— Эй, ты! Спать! — рявкнул надзиратель, заметив сидящего Виктора.
Но Виктор едва слышал его. Он был поглощен новым ароматом, который просачивался сквозь стену из соседней камеры — горьким, удушающим запахом отчаяния. Этот заключенный недавно получил письмо из дома. Плохие новости.
Виктор потряс головой. Откуда он это знает?
Следующие дни превратились в водоворот новых ощущений. Каждый человек нес свой уникальный букет эмоций-запахов. Виктор научился различать их все — от пряной агрессии до приторно-сладкой лести.
Во время прогулки в тюремном дворе он заметил группу заключенных, от которых пахло острым, перечным возбуждением — они готовили драку. В столовой уловил сладковатый аромат заискивания от нового повара — тот продавал информацию охране.
Но самым важным оказалось другое — он научился использовать эти знания. Пара слов здесь, намек там… Скоро у него появились должники и информаторы. Он знал все, что происходит в тюрьме, каждый секрет, каждый план.

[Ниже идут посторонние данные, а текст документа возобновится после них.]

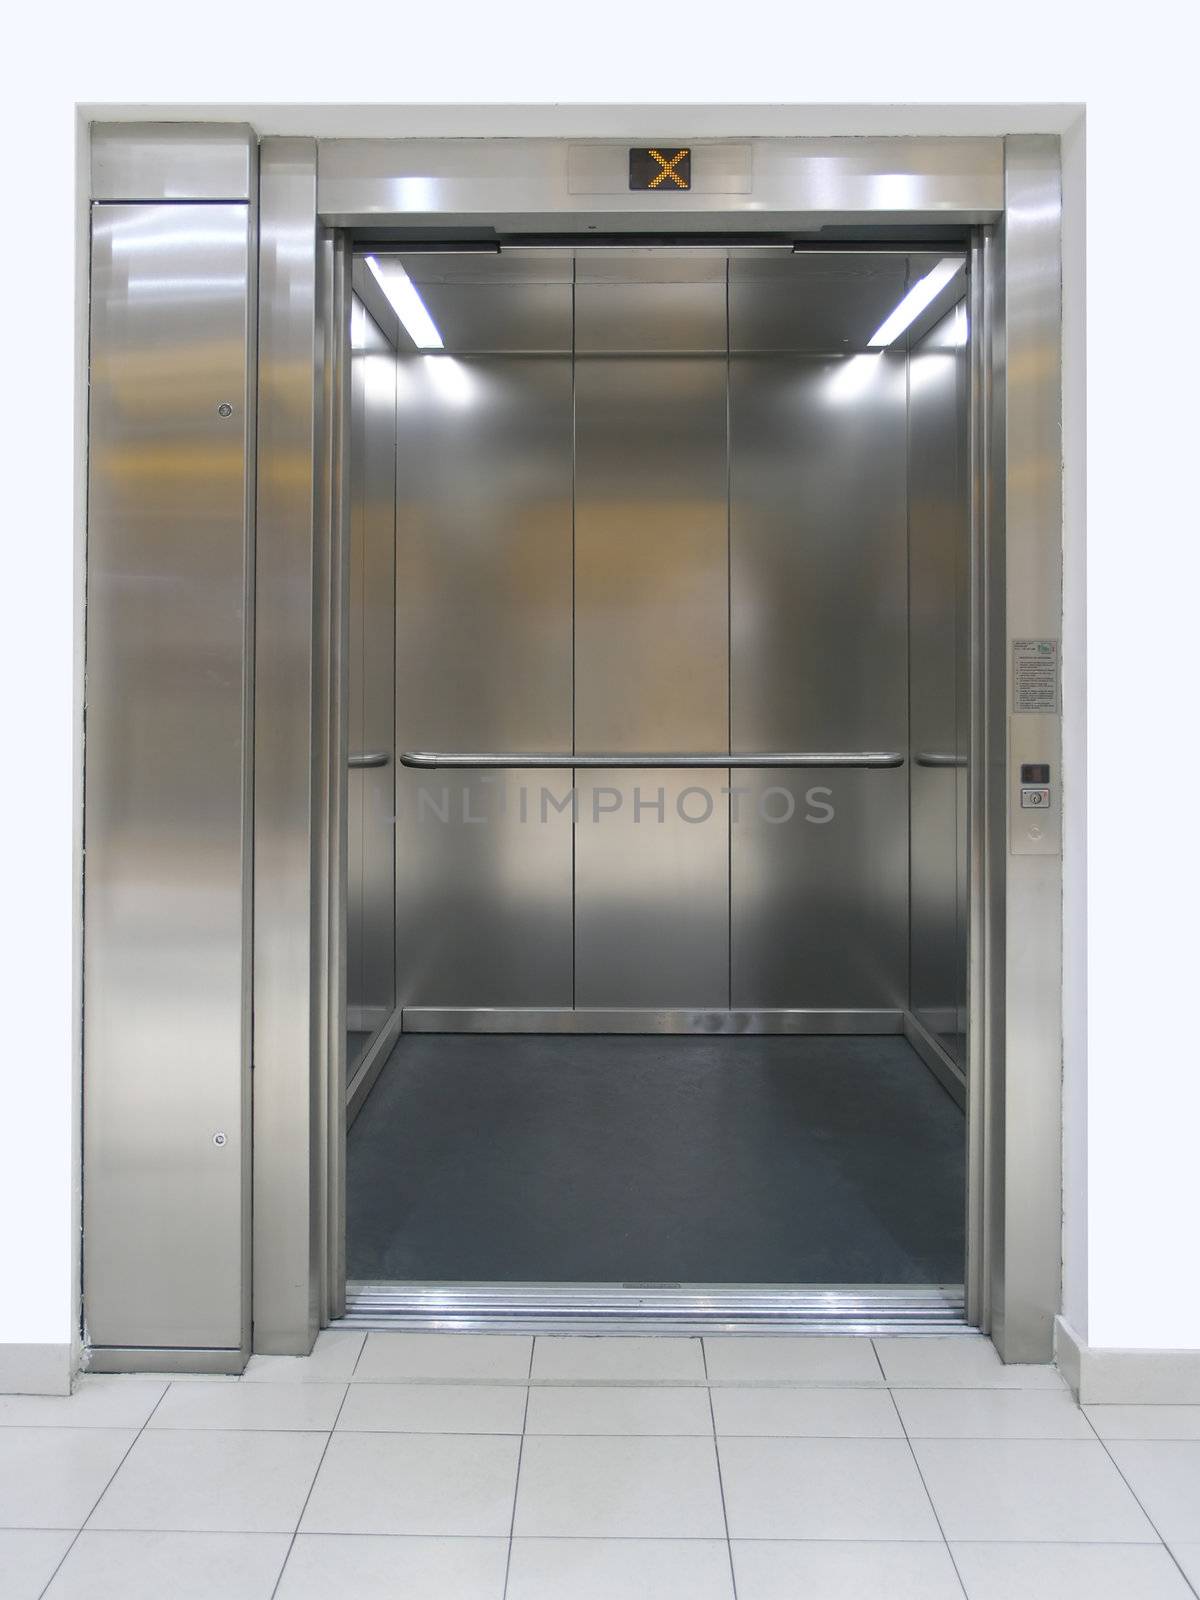 Elevator with open doors

— Рейнар, — окликнул его как-то один из охранников, — не знаешь, кто пытается протащить наркоту?
Виктор улыбнулся, чувствуя исходящий от охранника запах жадности:
— Возможно, знаю. Но информация стоит дорого…
Странное состояние стало его преимуществом.
Однако даже посреди этого водоворота интриг мысли о Юлии не отпускали его. Каждую свободную минуту он возвращался к воспоминаниям о том последнем полете. Ее голос звучал в ушах: «Сегодня ты узнаешь, каково это — грянуться с небес на землю».
Тогда его накрыла странная слабость. Сознание затуманилось, тело отказывалось подчиняться. А ведь он даже не успел ее коснуться…
Это что, какие-то способности?
Ответ пришел неожиданно. Во время обычной прогулки в тюремном дворе завязалась драка. Виктор наблюдал со стороны, привычно считывая эмоции участников — злость, страх, азарт… И вдруг один из заключенных, здоровенный детина по кличке Бык, просто осел на землю. Его противник даже не успел нанести удар.
Виктор принюхался и замер. От упавшего исходил точно такой же запах, какой он помнил по себе в тот день на глайдере — парализующий, удушающий страх, словно кто-то выкрутил эту эмоцию на максимум. Но никто его не трогал, никто даже не угрожал…
Озарение пришло как удар тока. Юлия. Она сделала с ним то же самое! Каким-то образом она научилась контролировать чужие эмоции, усиливать их до невыносимого уровня.
— Браво, девочка моя, — прошептал он, чувствуя странную смесь гордости и страха. — Я не ожидал от тебя такого… как же тебе удалось?..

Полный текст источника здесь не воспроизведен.